In contrast, the vastus lateralis muscle exhibited similar EMG activity between the squat and BHT (Contreras et al., 2015). However, we could hypothesize that the BHT exercise would present less myoelectric activity of the vastus lateralis muscle in comparison to the squatting. Squatting is well known for causing high levels of quadriceps femoris EMG activity compared to other lower limb exercises (Schwanbeck et al., 2009; Wilk et al., 1996). Contreras et al. (2015) justify their findings through a concern with the statistical methods used, indicating a probable risk of type I error during the post hoc test used by using the Holm-Bonferroni correction instead of the more conservative Bonferroni correction. However, it is also possible that the different muscles that form the quadriceps femoris may present different levels of EMG activity during BHT (Collazo Garcia et al., 2018). Nevertheless, the different loads used by the studies included in this study make it difficult to compare the variations of BHT and other studies (Collazo Garcia et al., 2018; Contreras et al., 2015; 2017). Even so, the heavier loads used in the BHT, compared to squat types, could also have led to the significant differences found in the vastus lateralis muscle, whose function would be to stabilize (isometrically) the knee during the execution of BHT. Further, Collazo Garcia et al. (2018) presented that the muscle excitation sequence during the BHT exercise is the gluteus maximus, gluteus medius, biceps femoris, semitendinosus, vastus lateralis, vastus medialis, and rectus femoris. Therefore, according to them, the hamstrings: quadriceps coactivation ratio increases when variations are performed (Collazo Garcia et al., 2018).

Andersen et al. (2018) demonstrate similar EMG of erector spinae muscles between BHT and traditional and hex bar deadlift exercises. The results obtained here were expected since several other studies have already presented similar results analyzing other exercises (Camara et al., 2016; Gullett et al., 2009; Yavuz et al., 2015).

The maximum velocity required in activities such as sprinting seems to be dependent on horizontal and vertical force production (Brughelli and Cronin, 2011; Kuitunen et al., 2002; Loturco et al., 2018; Nummela et al., 2007; Williams et al., 2018). Williams et al. (2018) demonstrated high neuromuscular activity of the gluteus maximus muscle, along with a positive correlation between peak sprint speed and anteroposterior horizontal force with peak ground reaction force only in the BHT compared to two types of the barbell squat. Testing the effects of post-activation potentiation of different training loads on the BHT, Dello Iacono et al. (2018) and Dello Iacono and Seitz (2018) demonstrated improved speed in both professional handball and soccer athletes. Additionally, Loturco et al. (2018) indicate that the post-activation potentiation of the BHT is more associated with the acceleration phase (0 to 10 m) than with maximum velocity phases (distances greater than 40 m). These results suggest that the high recruitment of the hip extensor muscles can potentiate the acceleration for horizontal displacements in short duration tests such as sprinting. In this sense, Loturco et al. (2018) indicate that the near-perfect associations found between different loads of BHT and all velocities evaluated in the acceleration phase (up to 60 m) represent an important input for the development of optimal sprint training interventions.

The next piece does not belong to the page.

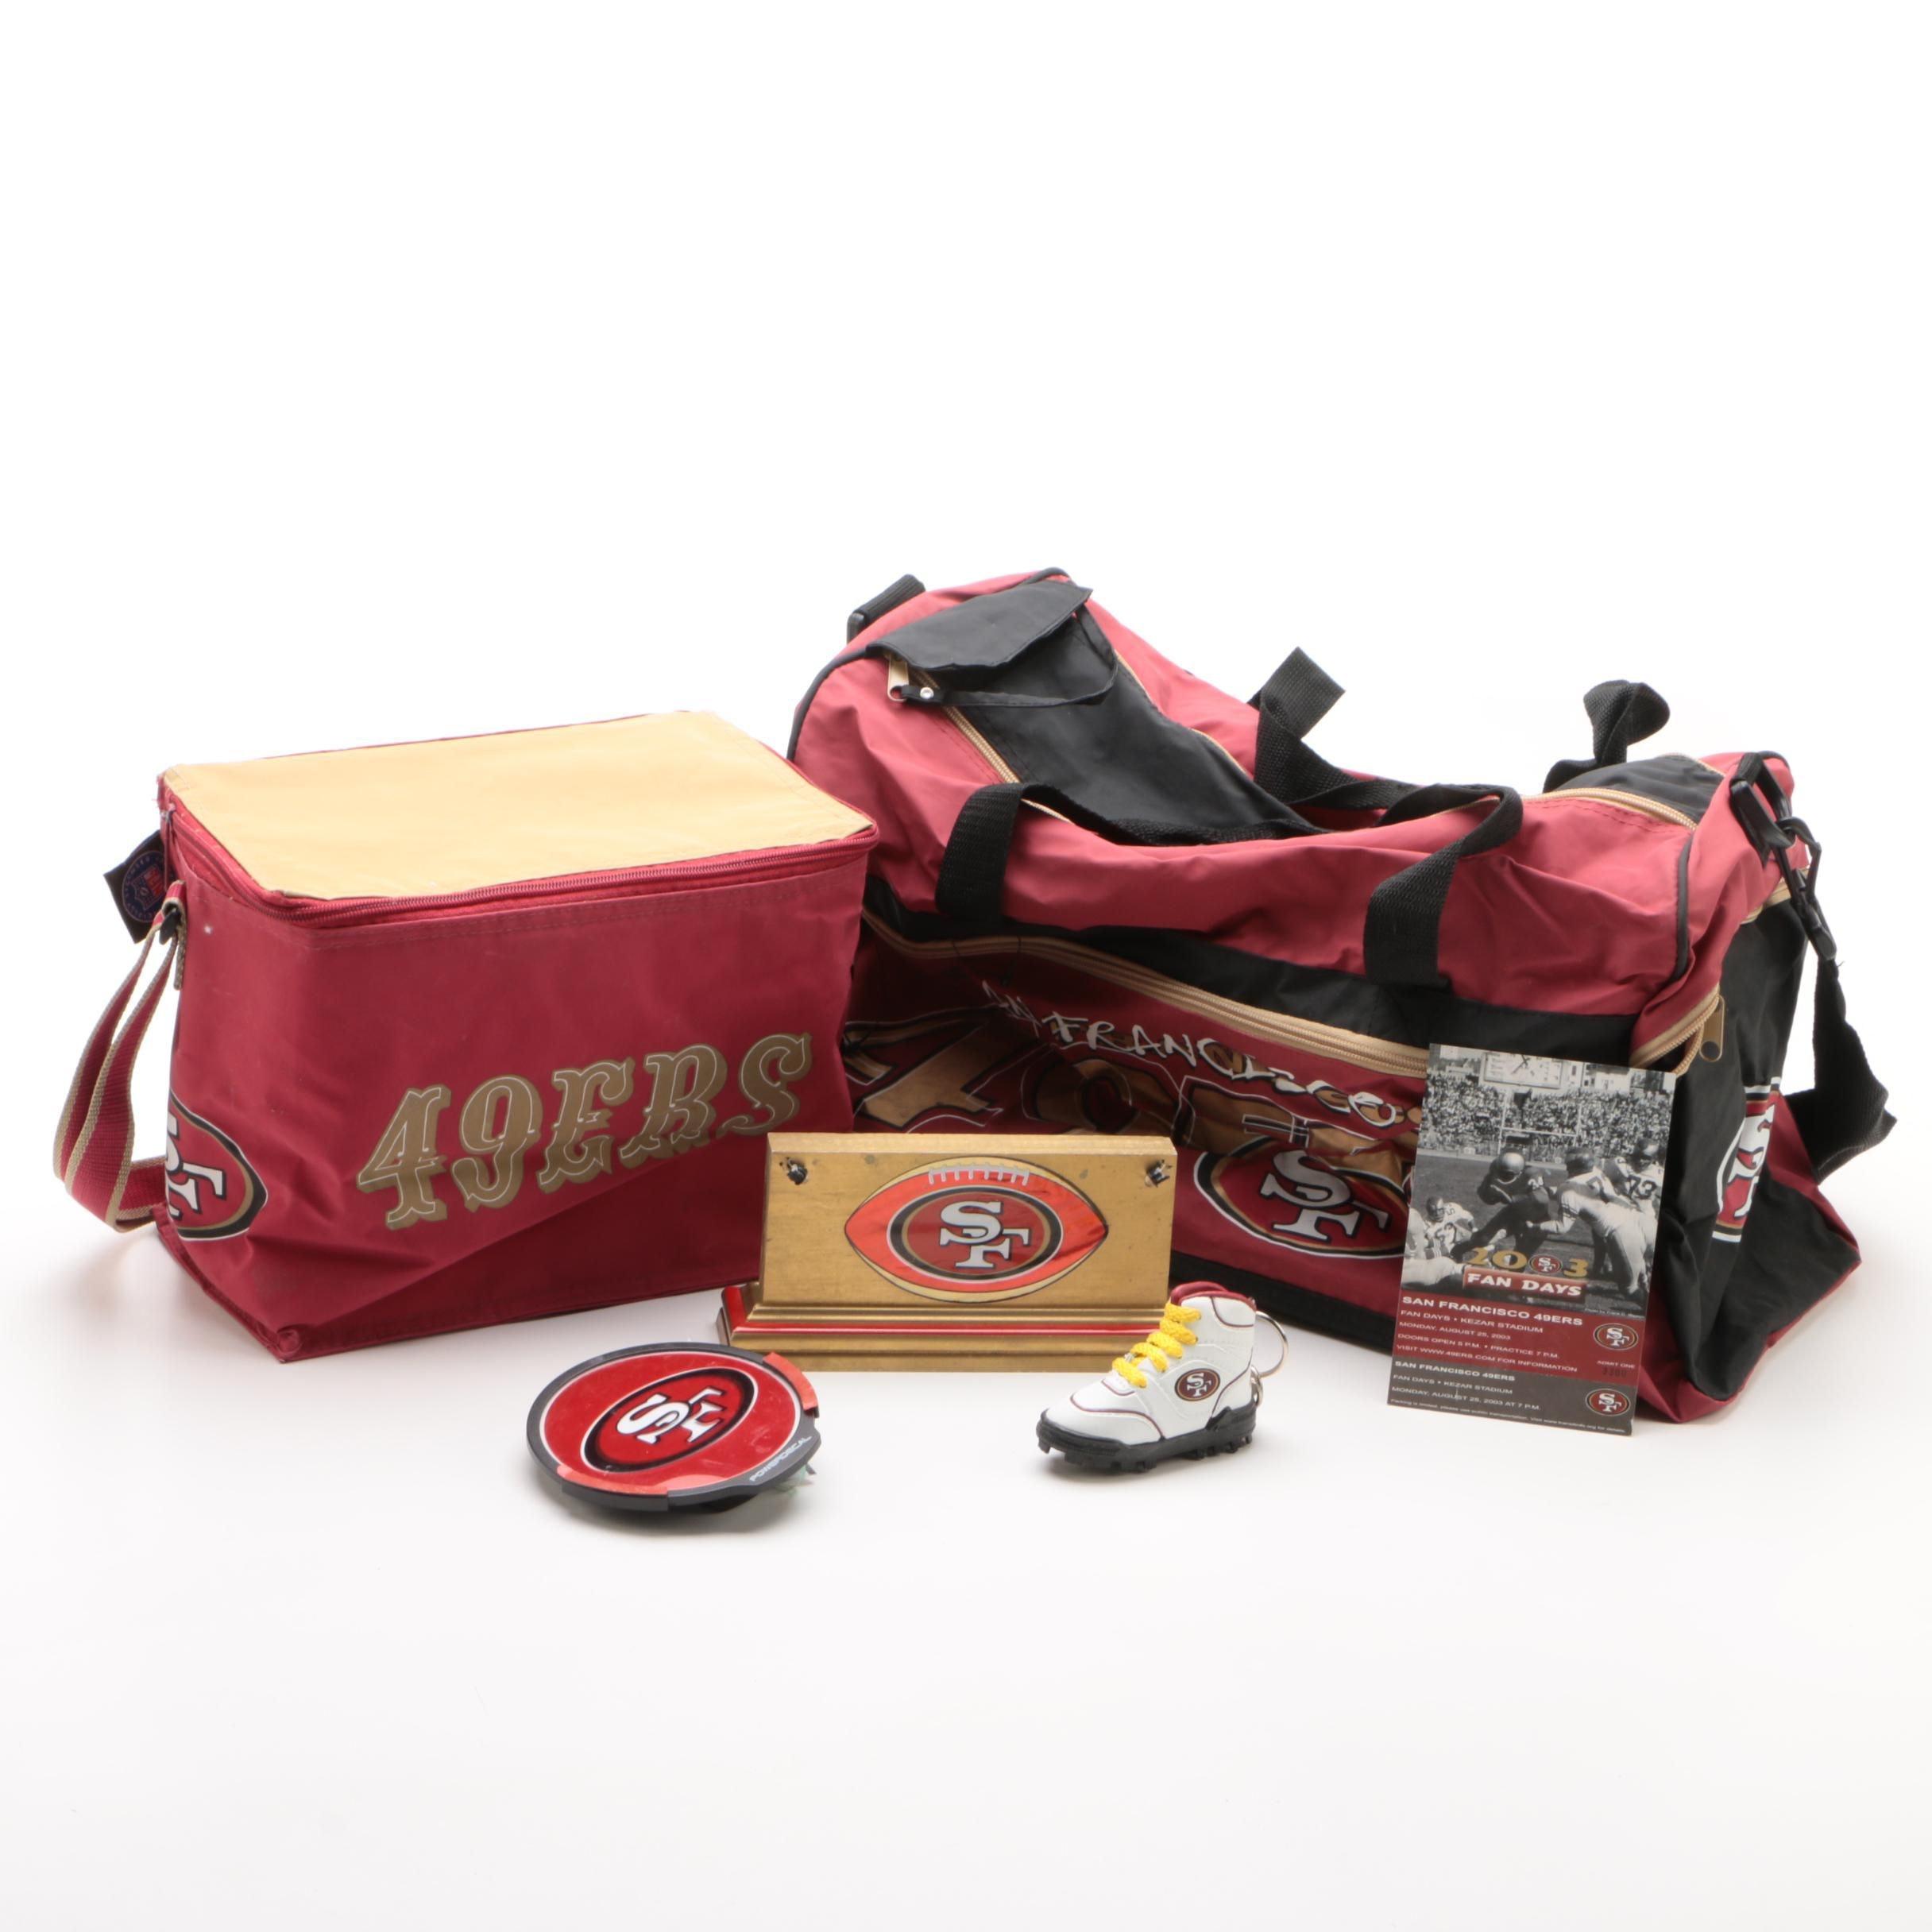 San Francisco 49ers Duffel Bags and Other Memorabilia
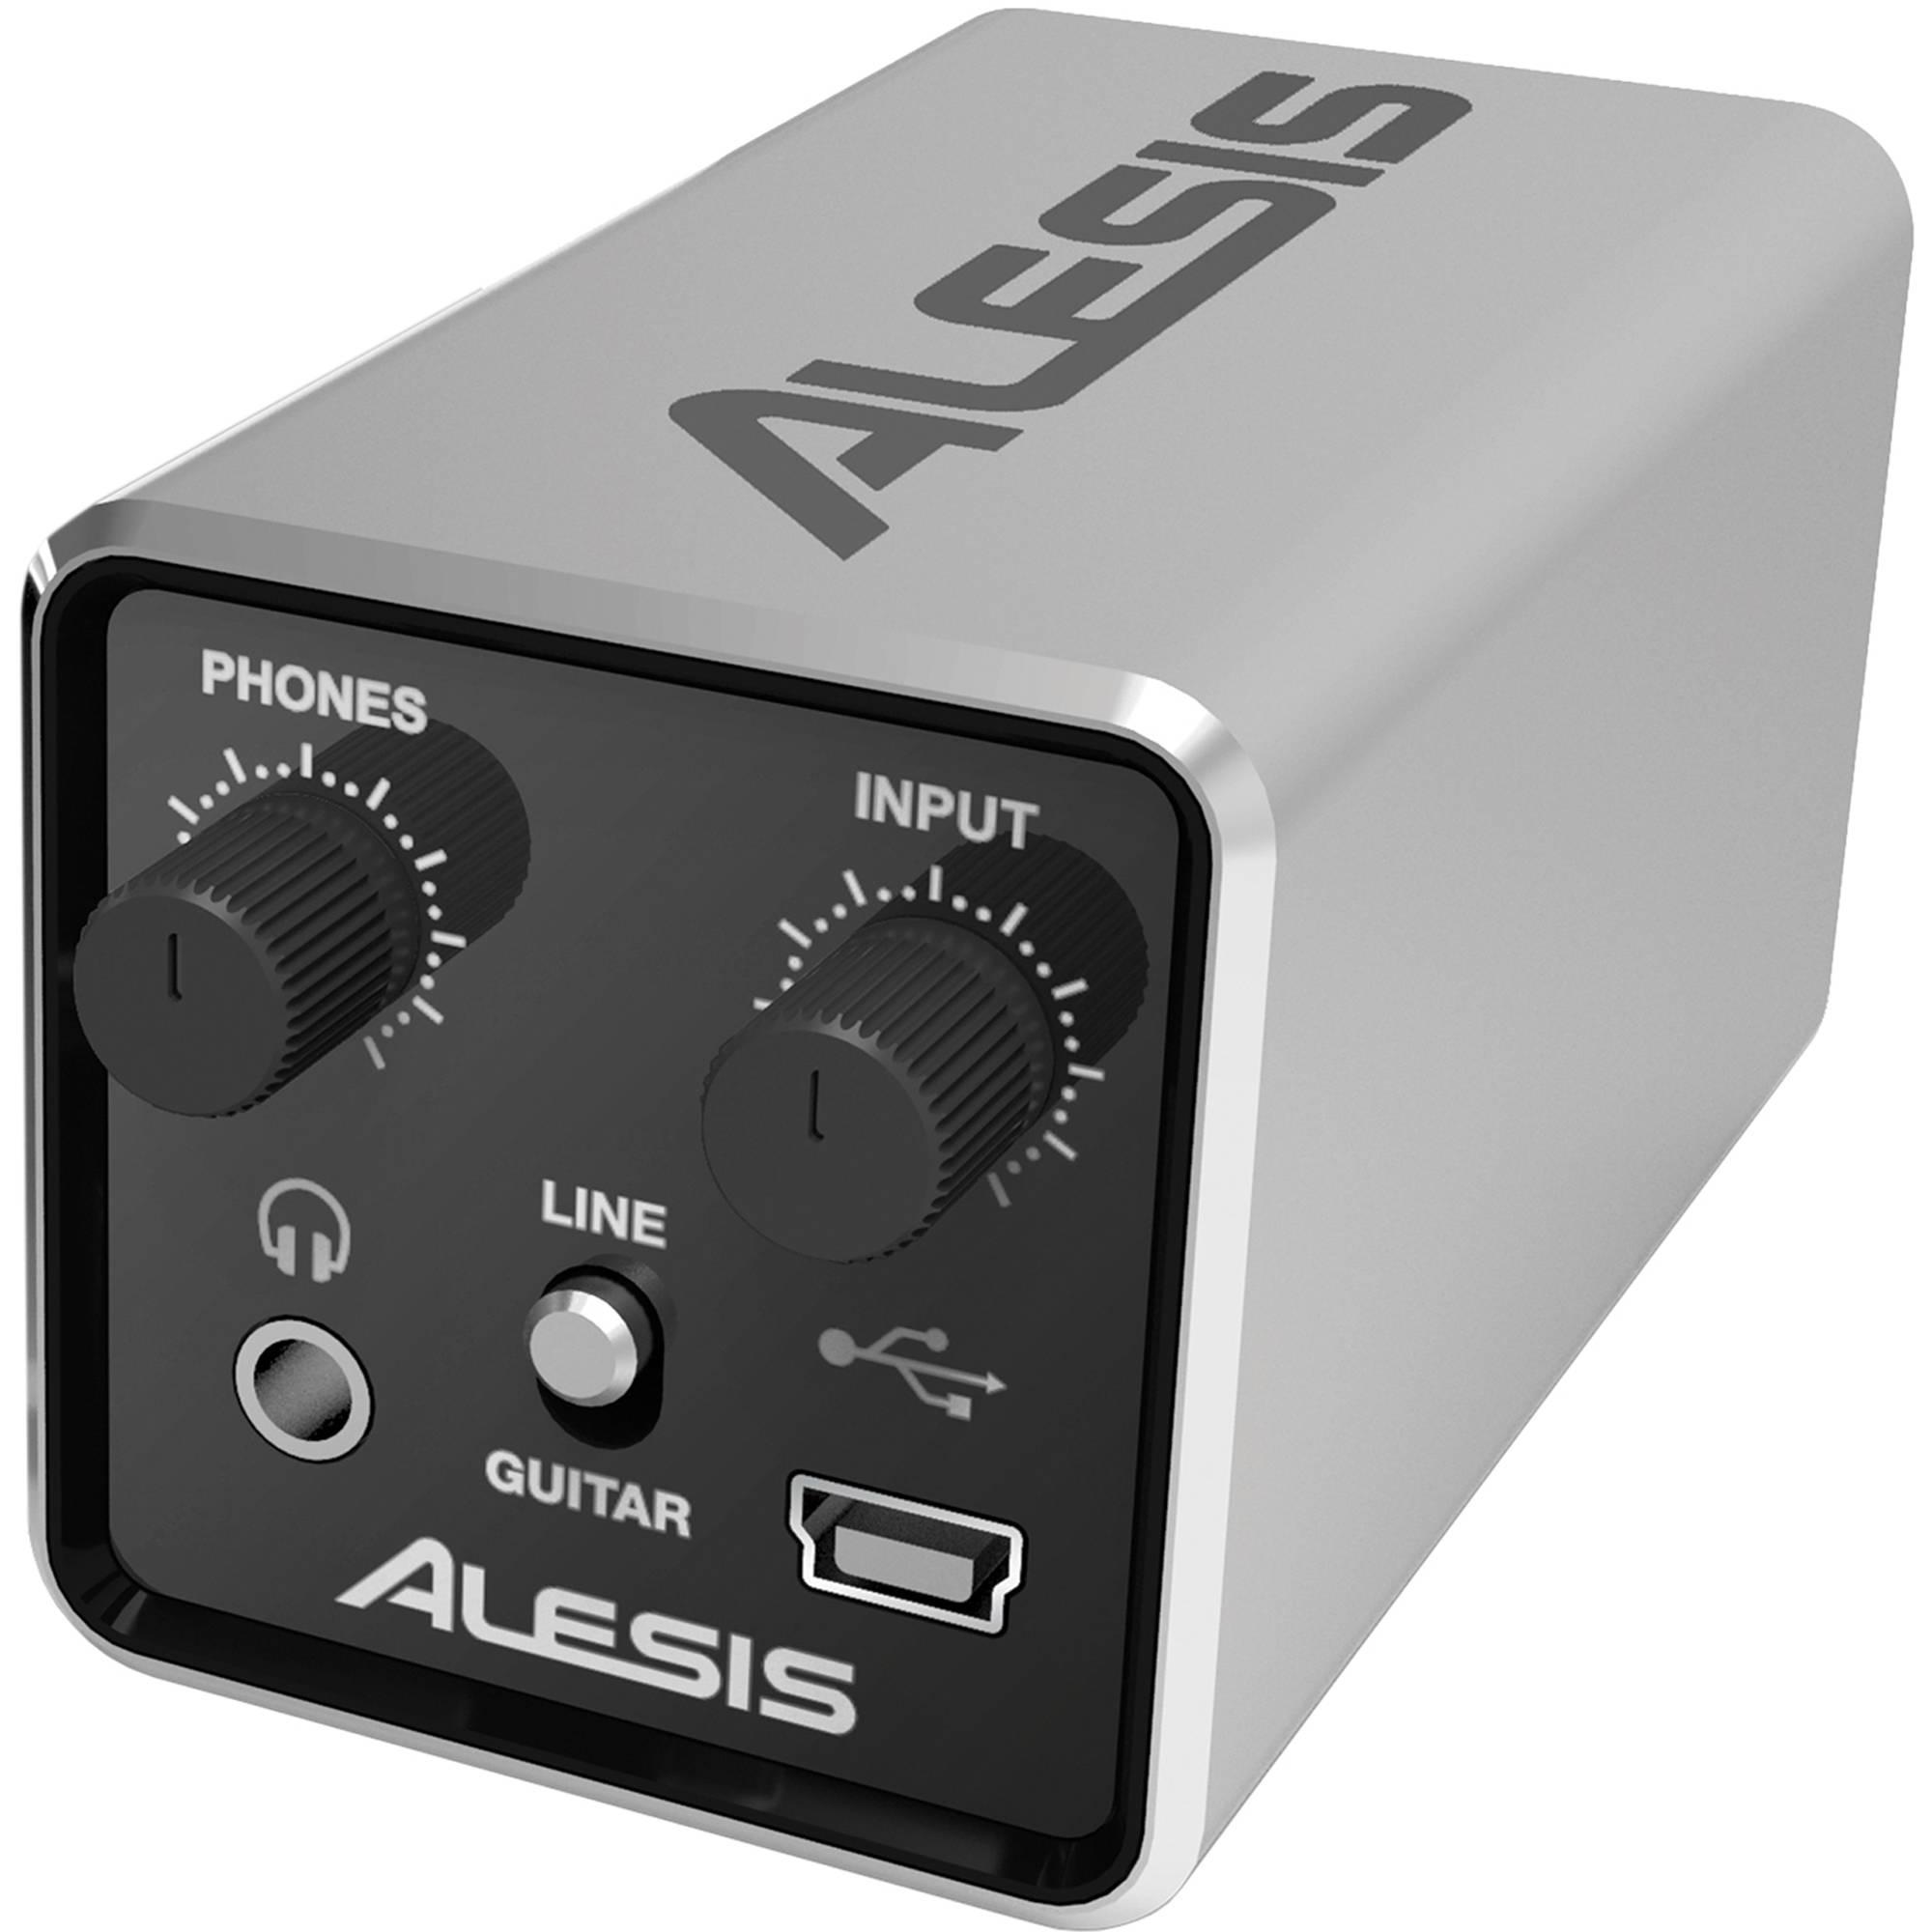 Alesis Core 1 24 Bit Inline Usb Audio Interface Bh Photo Relay Switch Box

According to the review done here, it is clear that the results of the chronic studies are divided as to the efficiency of this exercise beyond the acute phase, demonstrating both improvement (Contreras et al., 2017; Zweifel et al., 2017) as "no effect "(Bishop et al., 2017; Lin et al., 2017) over 6 and 8 weeks of training. The pilot study by Zweifel et al. (2017) demonstrated greater effect sizes for BHT after 6 weeks of training with varying loads (30-100% RM). Corroborating, Contreras et al. (2017) showed better results in the 10 and 20 m tests with BHT training compared to the front squat. In contrast, Lin et al. (2017) and Bishop et al. (2017) failed to transfer strength gains into more practical results. This variability of results may be associated with the different training loads used in each study. Zweifel et al. (2017) and Contreras et al. (2017) used load variation over the training time (30-100% RM), while Lin et al. (2017) and Bishop et al. (2017) used higher loads (6-12RMs). It is known that sub-maximal loads demonstrate greater transference to sports activities that depend on higher power output. Thus, lighter and submaximal loads may be ideal for this outcome. In addition, the included chronic studies used samples of athletes composed of different sports specialties, and this may also have directly affected the results of the study, since the sprint technique may have varied among the different samples.

Finally, future studies should investigate whether the high levels of muscle activation of the hip extensor muscles seen in the BHT, transfer into results of muscle hypertrophy, and the optimal relationship of the BHT training load and its transfer to sprint performance. Outcomes such as these are still cause for much debate.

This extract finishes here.